Esports will not replace real-world sport, but its growth could still be a boon


The pandemic shutdown brought esports to the fore as a format that can appeal to both video gamers and real-life sports fans, with events such as the F1 Esports Virtual Grand Prix likely to increase this blending across markets

Earlier this year, the coronavirus pandemic and lockdown measures around the world slammed the brakes on most live sport, with football matches, motor racing and other events postponed as the world battled the infection.

During the period, esports events stepped in to fill part of the void created by the absence, with esports media group () partnering with Formula 1 to host the F1 Esports Virtual Grand Prix, a series created to enable fans to watch Formula 1 races virtually using the F1 video game franchise.

The expansion of virtual motorsport, where contestants race cars in a video game format instead of actual cars, has continued apace, with Gfinity announcing in June that it has also signed a deal with Abu Dhabi Motorsport Management, for a new virtual racing contest, the V10 R-League, which premiered on September 7.

READ: Gfinity agrees distribution rights for new V10 R-League

With other real-world sports seeing video-game based equivalents appearing, such as the ePremier League esports football tournament, and the pace of growth of the esports market (it is expected to grow to US$6.82bn (£5.45bn) by 2027), could virtual sports eventually eclipse real-life sport in terms of popularity?

Cooperation not competition

Paul Kent, Gfinity’s head of esports and competitive gaming, doesn’t think so.
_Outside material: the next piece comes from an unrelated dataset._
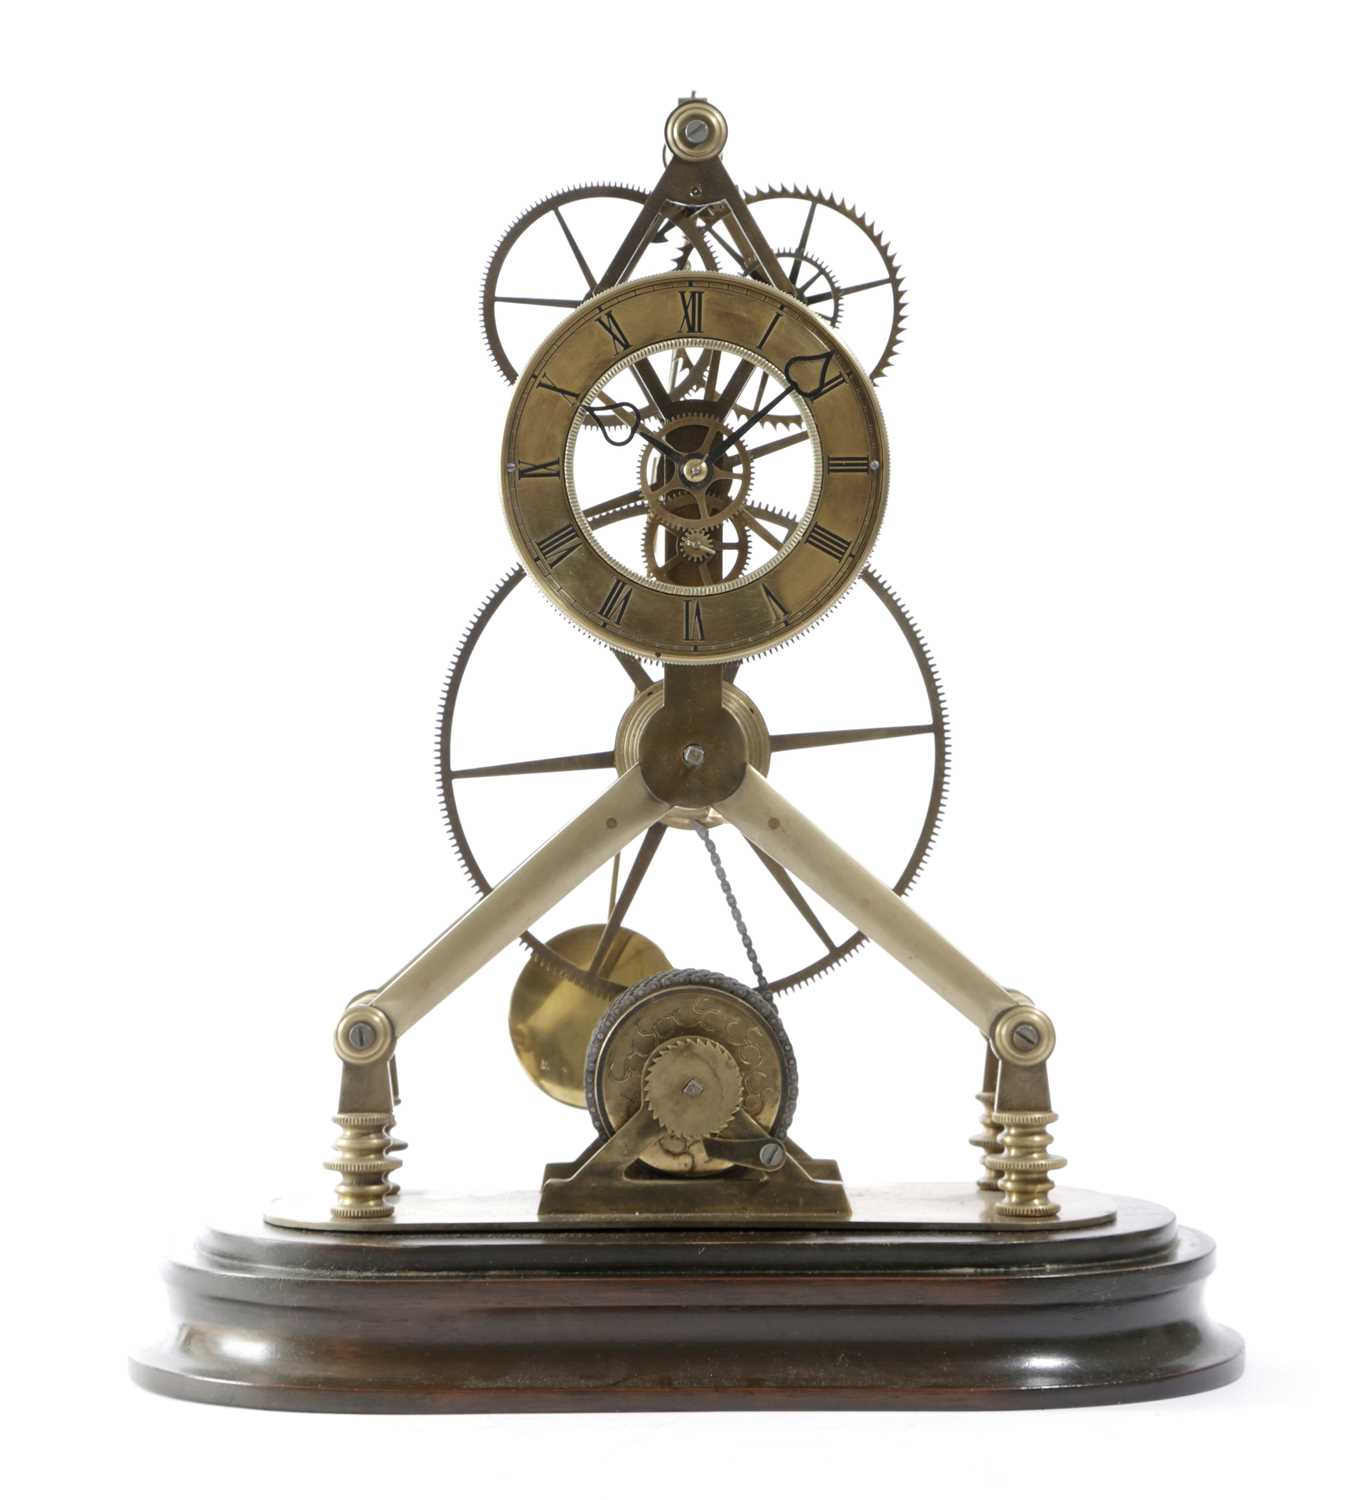 A BRASS 'GREAT WHEEL' SKELETON CLOCK IN VICTORIAN STYLE, 20TH CENTURY the chain driven single

However, he said that esports is not aiming to replace real-world sports, but rather serve as a complementary offering that can help both markets draw in new customers.

Speaking to Proactive, Kent said that he did not see a situation where games such as football simulator FIFA became more popular than real-world football leagues, however, he said this is not the intention and that esports offer an alternative form of competitive entertainment that may attract those less interested in real-world sport, particularly the coveted youth market.
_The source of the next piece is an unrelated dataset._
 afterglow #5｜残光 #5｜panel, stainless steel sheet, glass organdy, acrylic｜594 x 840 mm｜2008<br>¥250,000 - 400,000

“Kids and young adults these days might get into gaming and then watch competitive esports which then could lead them to get interested in real-world sport”, he said.
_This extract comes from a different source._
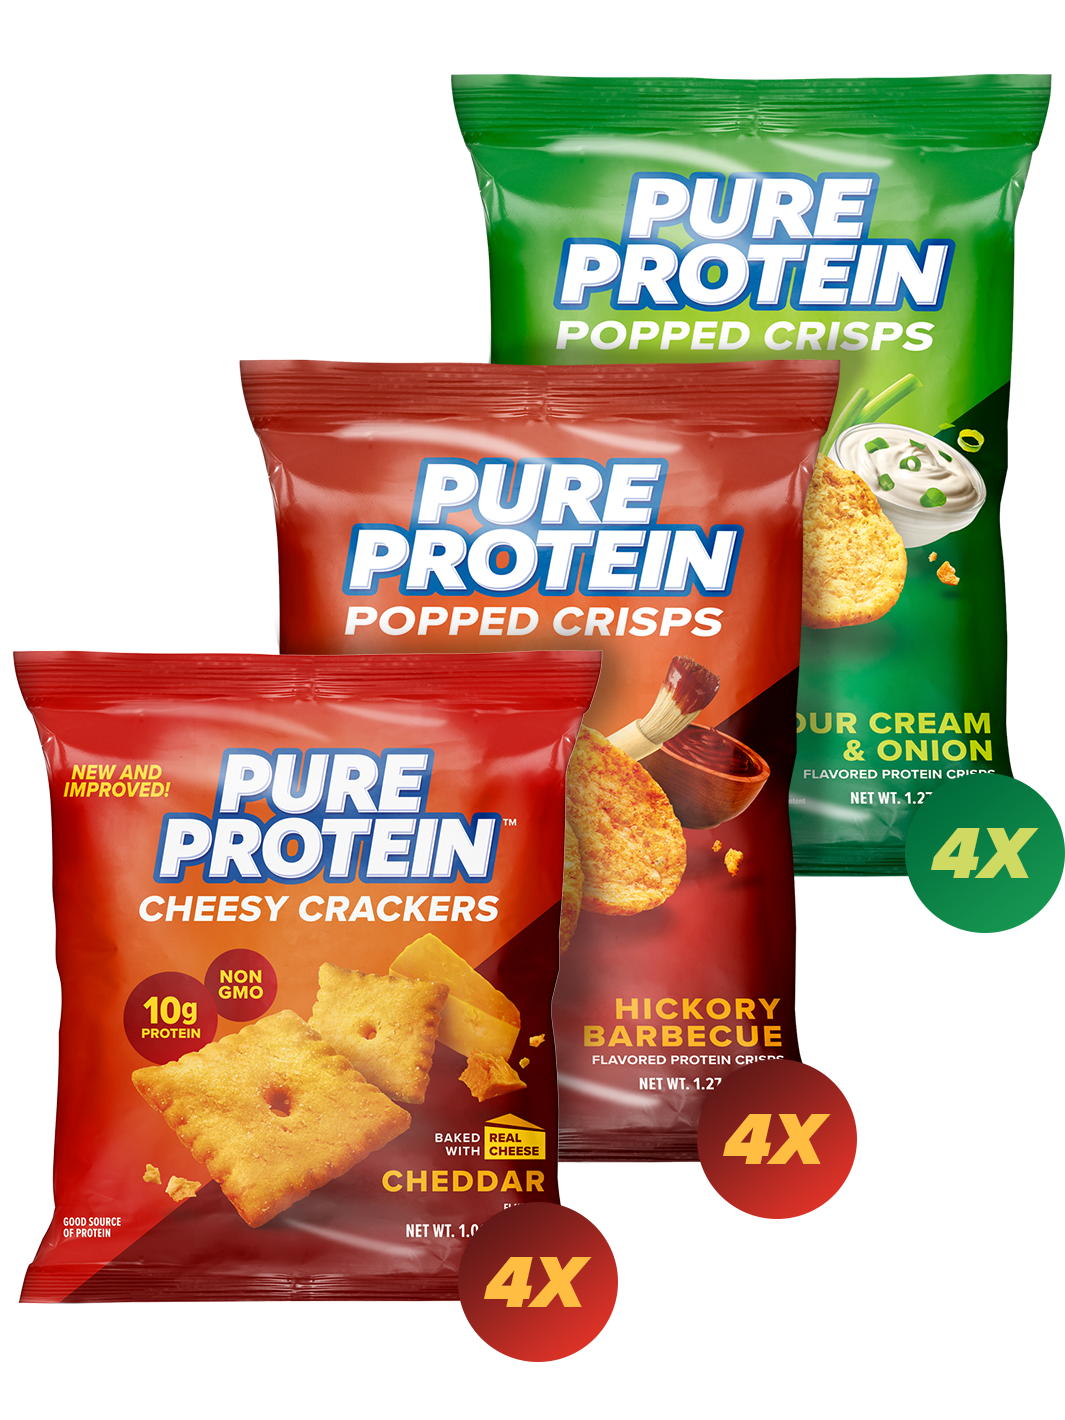 Pure Protein Snack Pack - Contains: 4 Cheesy Cheddar Cracker, 4 Sour Cream & Onion Popped Crisps 1.27 oz. bag, 4 Hickory Barbecue Popped Crisps 1.27 oz. bag

However, Kent also said that not all sports will have the same effect when compared to their esports counterparts, with virtual motorsport offering a more interesting avenue for Gfinity and other esports media groups as the experience of racing is much harder to replicate among the public, in contrast to more easily accessible sports such as football.

“The lines are blurred between real-world and virtual motorsport during the pandemic”, Kent said, saying that growth of interest in digital motorsport accelerated during lockdown when races were cancelled.